A nutraceutical containing five natural substances formulated as a tablet with the commercial name Armolipid (Rottapharm S.p.A., Monza, Italia), was recommended in all participants. Every tablet contained 200 mg red yeast rice (RYR) extract equivalent to 3 mg of monacolin K, 10 mg policosanols, 0.2 mg folic acid, 2.0 mg coenzyme Q10 and 0.5 mg astaxanthin, and was citrinin-free. It was administered once-daily with lunch.

All participants as well as their parents were interviewed using a data collection form, created specifically for this research. Details concerning compliance to supplement intake, as well as possible adverse effects were recorded and analysed. Six out of 90 children were excluded from the study because they did not comply with the recommendation for taking the supplement (compliance rate 93.3%). All the rest 84 children had one and 64 of them had two evaluations under Armolipid treatment.

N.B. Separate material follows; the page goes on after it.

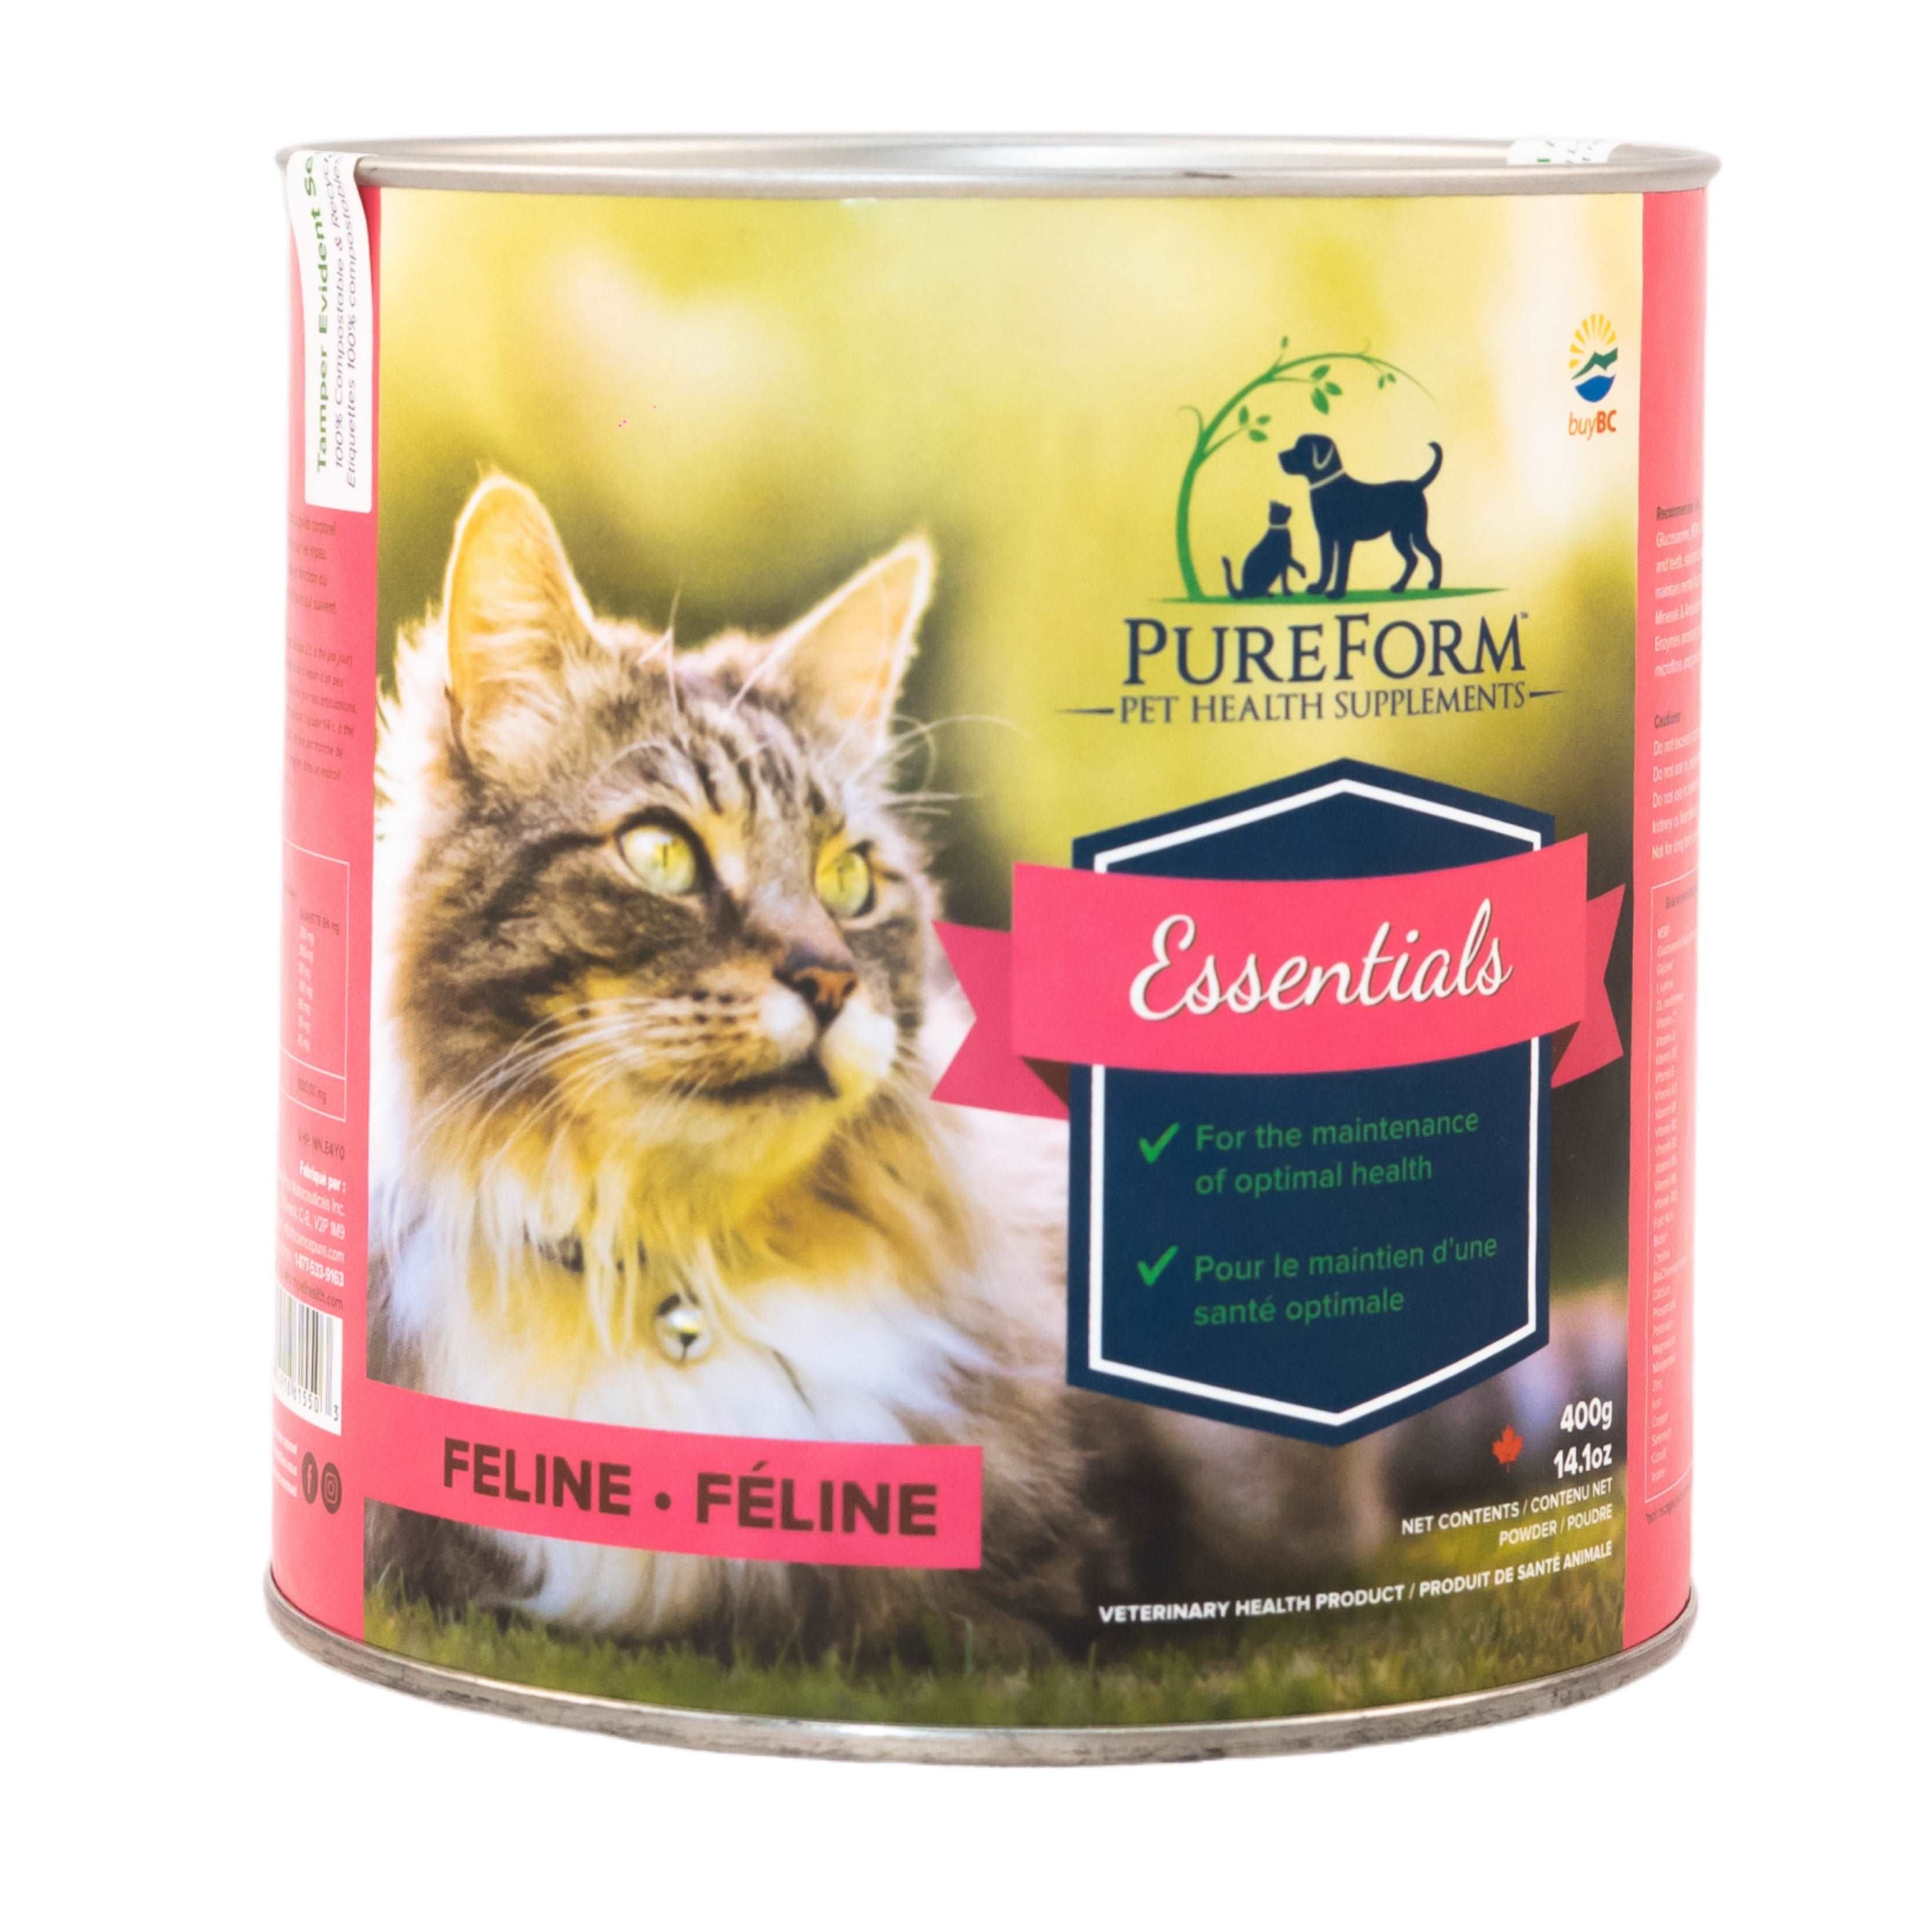 FELINE ESSENTIALS - PureForm Pet Health Supplements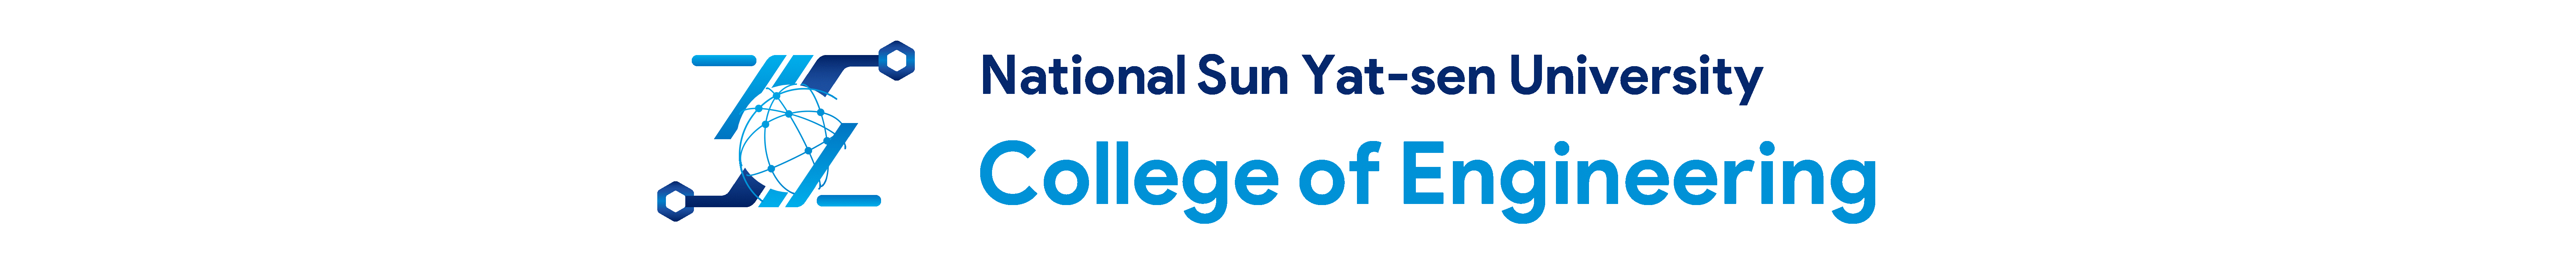 College of Engineering, National Sun Yat-sen University

2.3. Clinical and Labolatory Evaluation

A clinical and laboratory evaluation of all participants took place right before (Time 0, T₀) and once (n=84, Time 1, T₁) or twice (n=64, T₁ and Time 2, T₂) after the start of nutraceutical supplementation.

The body weight (BW) in kg, the height (H) in cm were measured to the nearest 0.1 kg and 0.5 cm, respectively (TANITA, Corporation Tokyo), with children barefoot and lightly dressed. BMI was calculated as BW in kg per H in m². The standard deviation scores (z-scores) of BW, H and BMI were also calculated according to a standardized age- and sex- specific calculator. Waist circumference (WC) in cm was measured and the ratio of WC/Height was calculated. Systolic (SBP) and diastolic blood pressure (DBP) in mmHg were measured three consecutive times using an automated oscillometric device (Dinamap V100, GE Medical Systems Information Technologies) and the average value of the three measurements was used in the statistical analysis. The stage of puberty was recorded according to Tanner stages (I-V) for boys and girls [18].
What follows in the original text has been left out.